Luke DeVere

Personal information
- Full name: Luke Ramon DeVere
- Date of birth: 5 November 1989 (age 36)
- Place of birth: Melbourne, Victoria, Australia
- Height: 1.86 m (6 ft 1 in)
- Position: Centre back

Youth career
- 2005–2006: QAS
- 2007–2008: AIS

Senior career*
- Years: Team / Apps / (Gls)
- 2007–2008: AIS / 40 / (3)
- 2008–2011: Brisbane Roar / 65 / (3)
- 2011–2014: Gyeongnam FC / 78 / (6)
- 2015–2019: Brisbane Roar / 45 / (2)
- 2019–2021: Wellington Phoenix / 30 / (0)

International career^{‡}
- 2007–2009: Australia U20 / 9 / (1)
- 2010: Australia U23 / 2 / (0)
- 2015: Australia / 1 / (0)

= Luke DeVere =

Australian soccer manager (born 1989)

Luke Ramon DeVere (born 5 November 1989) is a Former Australian professional footballer who last played for A-League side Wellington Phoenix. He is now the Head Coach of Football Queensland Premier League side Holland Park Hawks FC.

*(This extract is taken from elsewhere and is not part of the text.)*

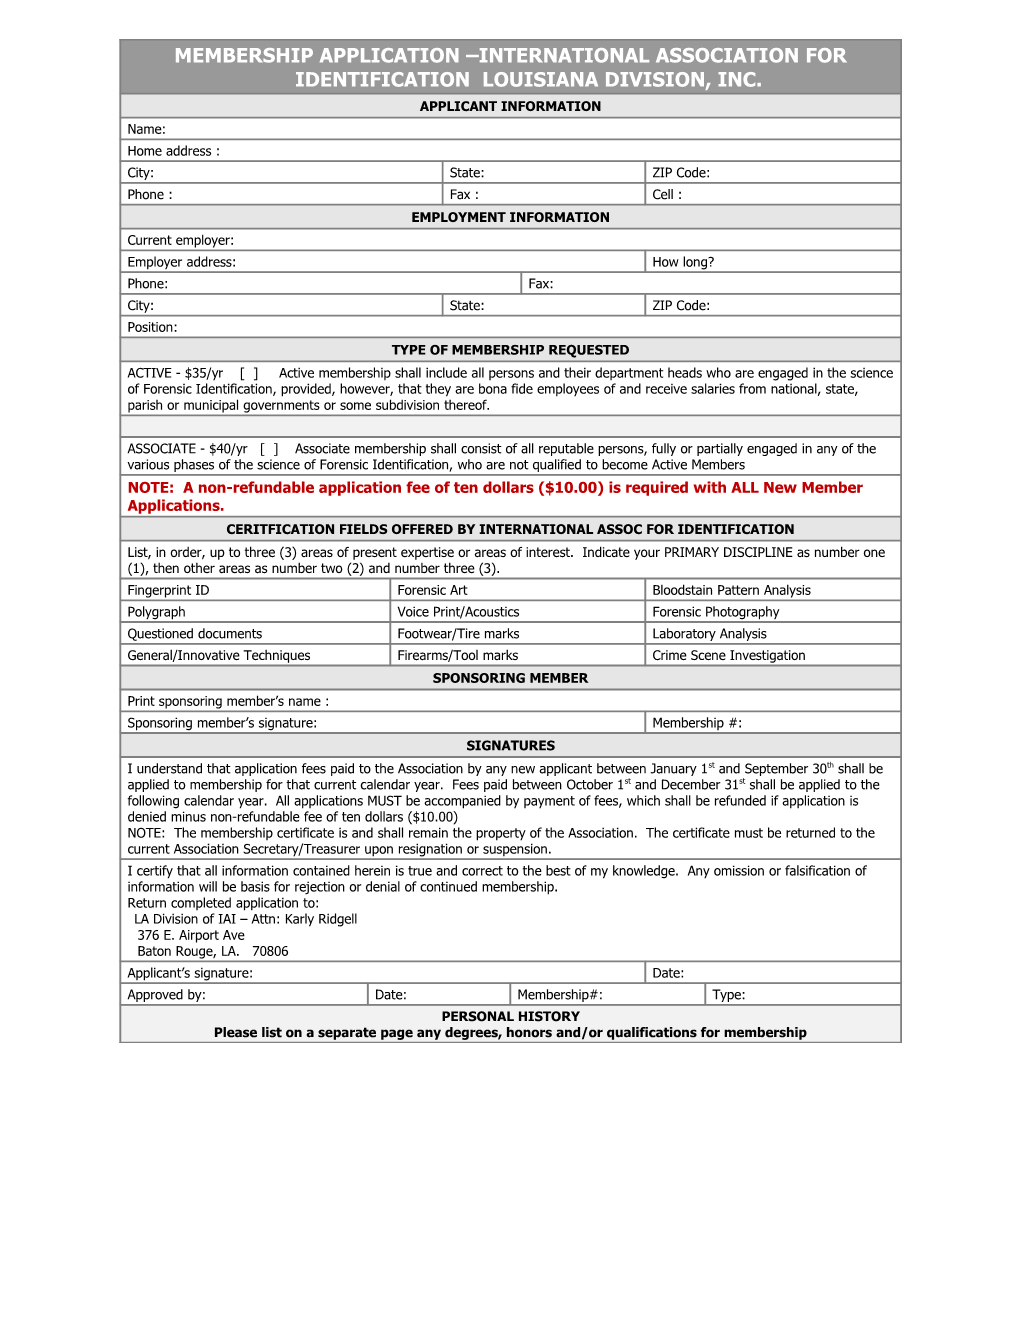 Membership Application International Association for Identification Louisiana Division, Inc

DeVere made his debut for Australia in 2015, having previously played for the nation's under-20 and under-23 sides.

==Club career==

===Early life===
DeVere is of French ancestry, and was educated at Brisbane Grammar School, where he played four years of First XI football and was coached by former Australian international Mark Brusasco. He was a junior at The Gap FC. After graduating from Brisbane Grammar in 2006 and being part of the Queensland Academy of Sport Football Program in 2005 and 2006, DeVere was accepted into the Australian Institute of Sport.

===Brisbane Roar===
Luke was signed by the Brisbane Roar at the beginning of the 2008–09 season. His debut season in the A-league saw him cement a first team place under manager Frank Farina's guidance. His performances continued to improve during the following seasons, with many football experts and pundits believing he could be a future Socceroo.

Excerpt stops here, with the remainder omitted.